Cognitive Impairment and Dementia after Stroke: Design and Rationale for the DISCOVERY Study

Natalia S. Rost, James F. Meschia, Rebecca Gottesman, Lisa Wruck, Karl Helmer, Steven M. Greenberg

Research output: Contribution to journalReview articlepeer-review

Abstract

Stroke is a leading cause of the adult disability epidemic in the United States, with a major contribution from poststroke cognitive impairment and dementia (PSCID), the rates of which are disproportionally high among the health disparity populations.

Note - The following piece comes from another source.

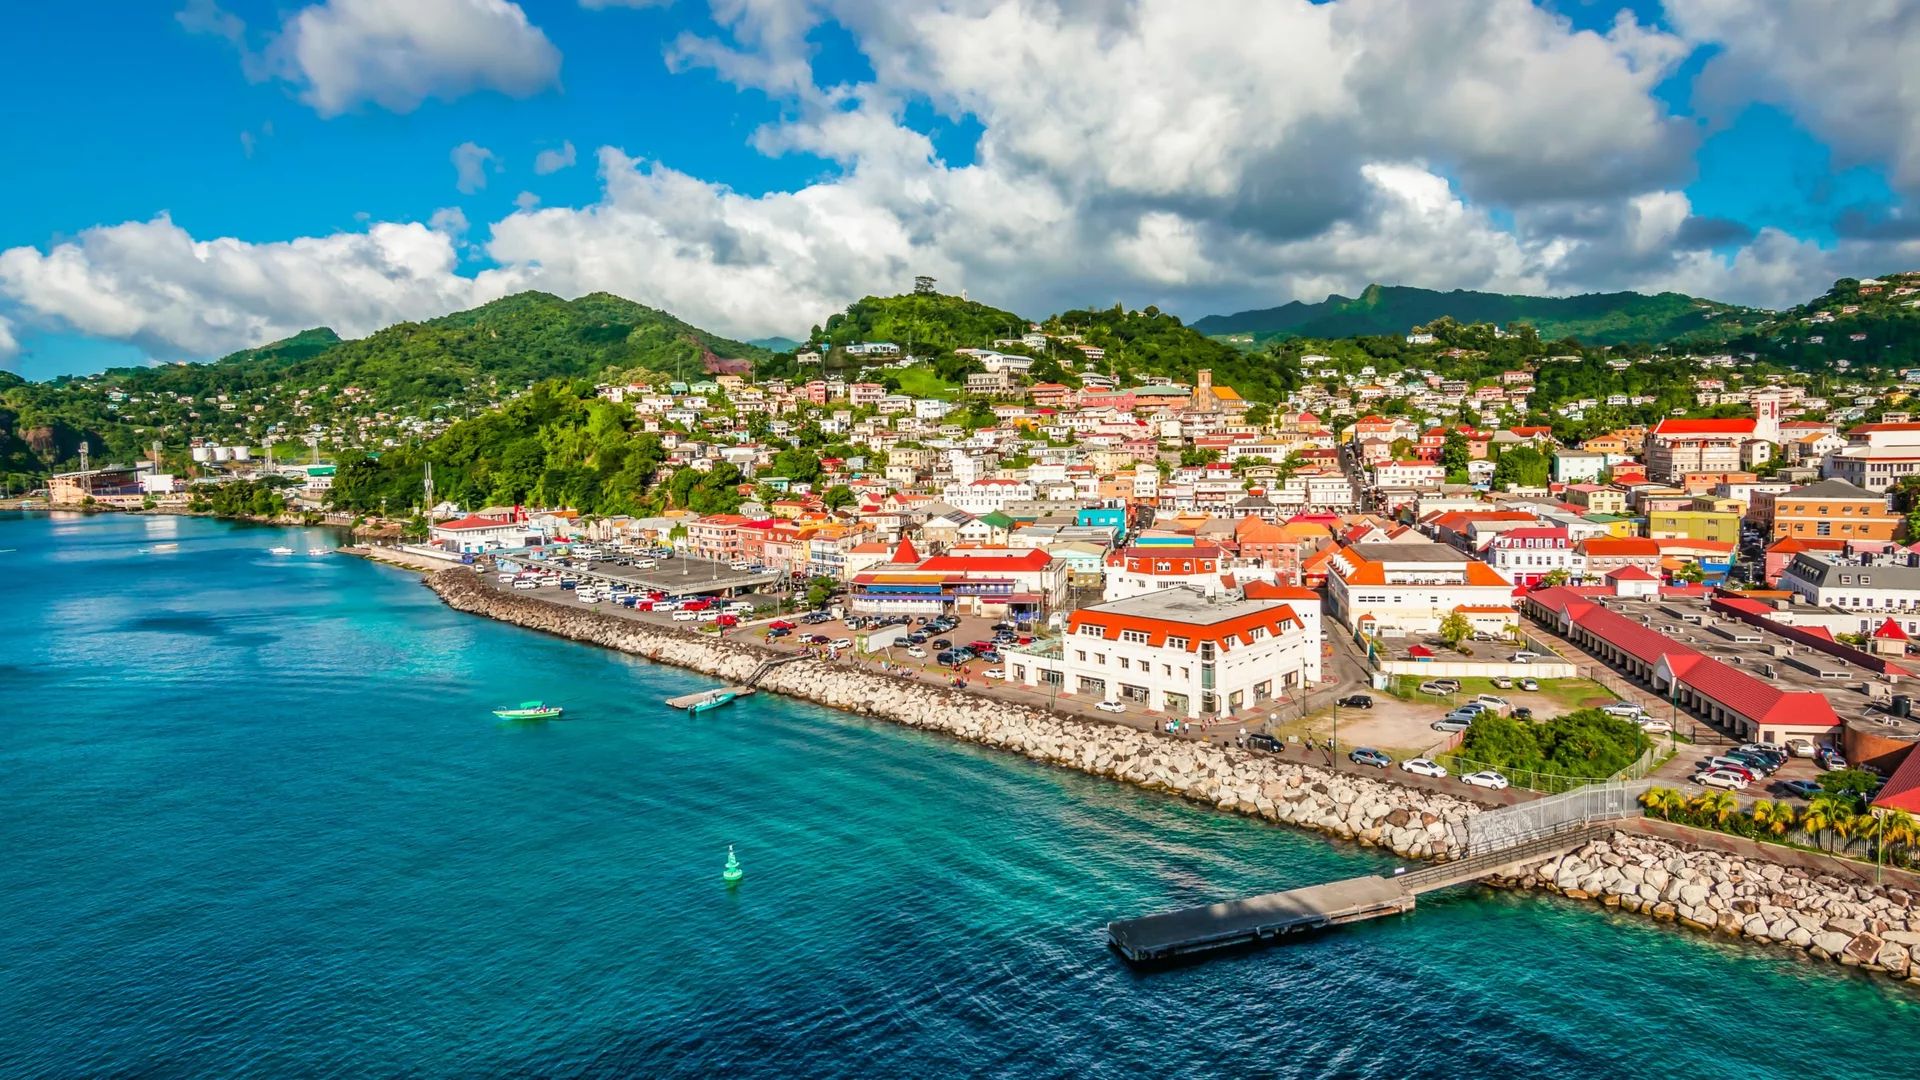 coast of the island of Grenada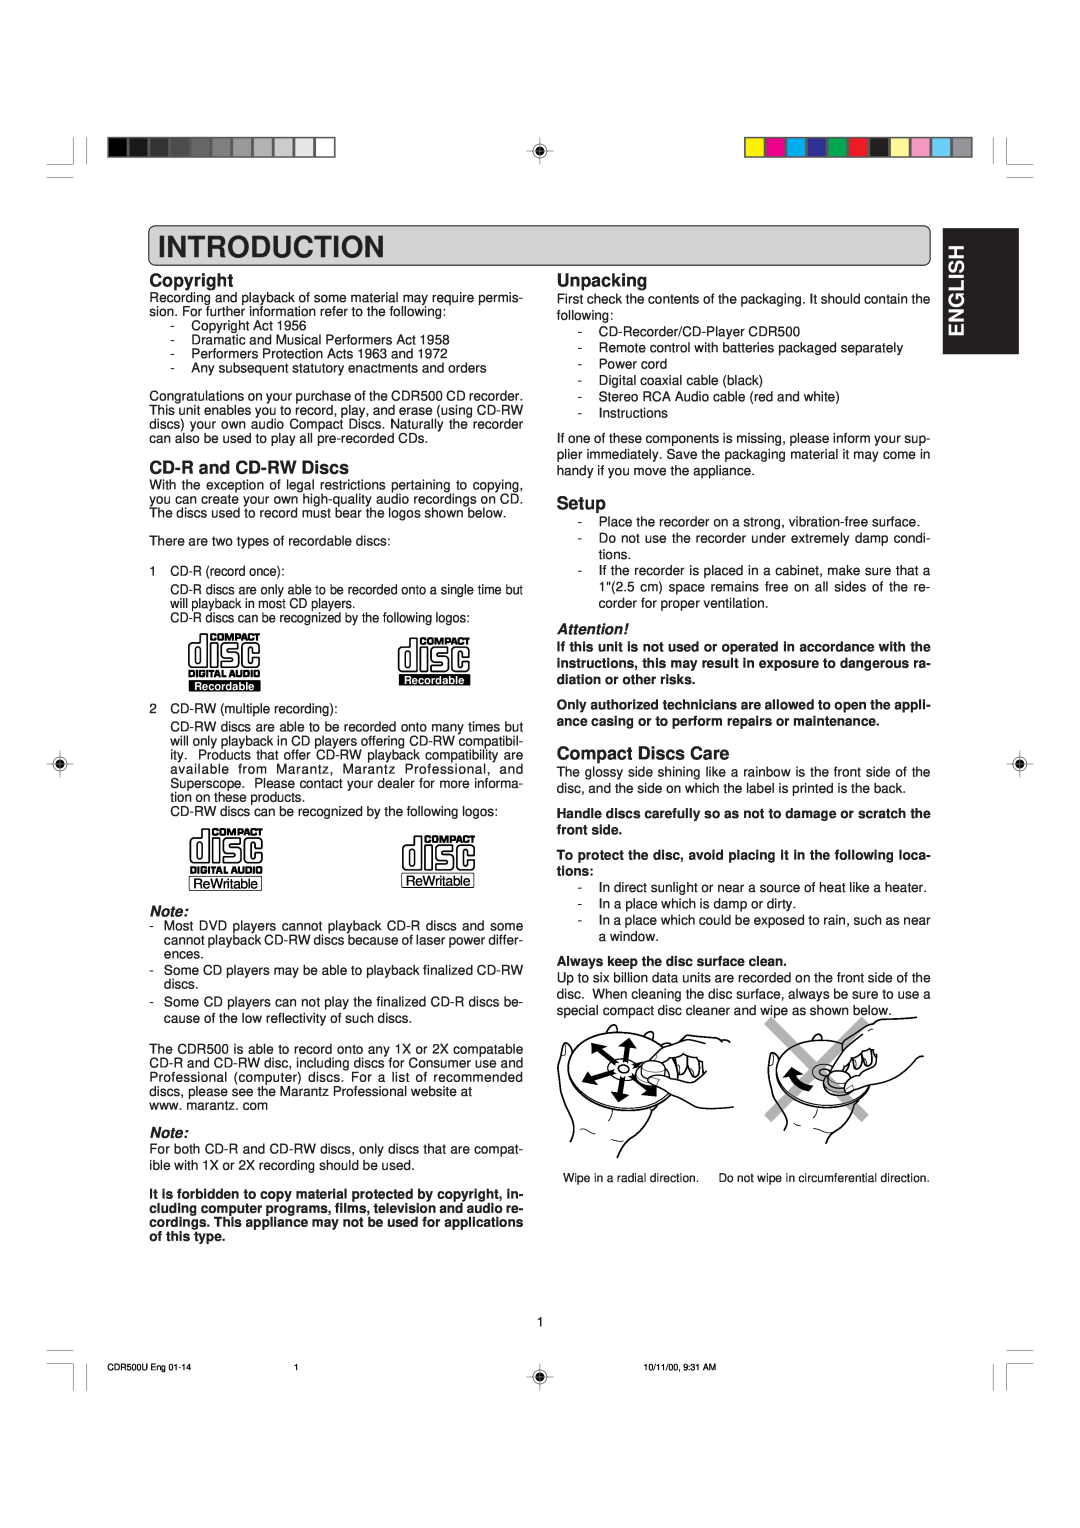 Marantz CDR500 manual Introduction, English, Copyright, CD-Rand CD-RWDiscs, Unpacking, Setup, Compact Discs Care

Despite the PSCID's overwhelming impact on public health, a knowledge gap exists with regard to the complex interaction between the acute stroke event and highly prevalent preexisting brain pathology related to cerebrovascular and Alzheimer disease or related dementia. Understanding the factors that modulate PSCID risk in relation to index stroke event is critically important for developing personalized prognostication of PSCID, targeted interventions to prevent it, and for informing future clinical trial design. The DISCOVERY study (Determinants of Incident Stroke Cognitive Outcomes and Vascular Effects on Recovery), a collaborative network of thirty clinical performance clinical sites with access to acute stroke populations and the expertise and capacity for systematic assessment of PSCID will address this critical challenge. DISCOVERY is a prospective, multicenter, observational, nested-cohort study of 8000 nondemented ischemic and hemorrhagic stroke patients enrolled at the time of index stroke and followed for a minimum of 2 years, with serial cognitive evaluations and assessments of functional outcome, with subsets undergoing research magnetic resonance imaging and positron emission tomography and comprehensive genetic/genomic and fluid biomarker testing. The overall scientific objective of this study is to elucidate mechanisms of brain resilience and susceptibility to PSCID in diverse US populations based on complex interplay between life-course exposure to multiple vascular risk factors, preexisting burden of microvascular and neurodegenerative pathology, the effect of strategic acute stroke lesions, and the mediating effect of genomic and epigenomic variation.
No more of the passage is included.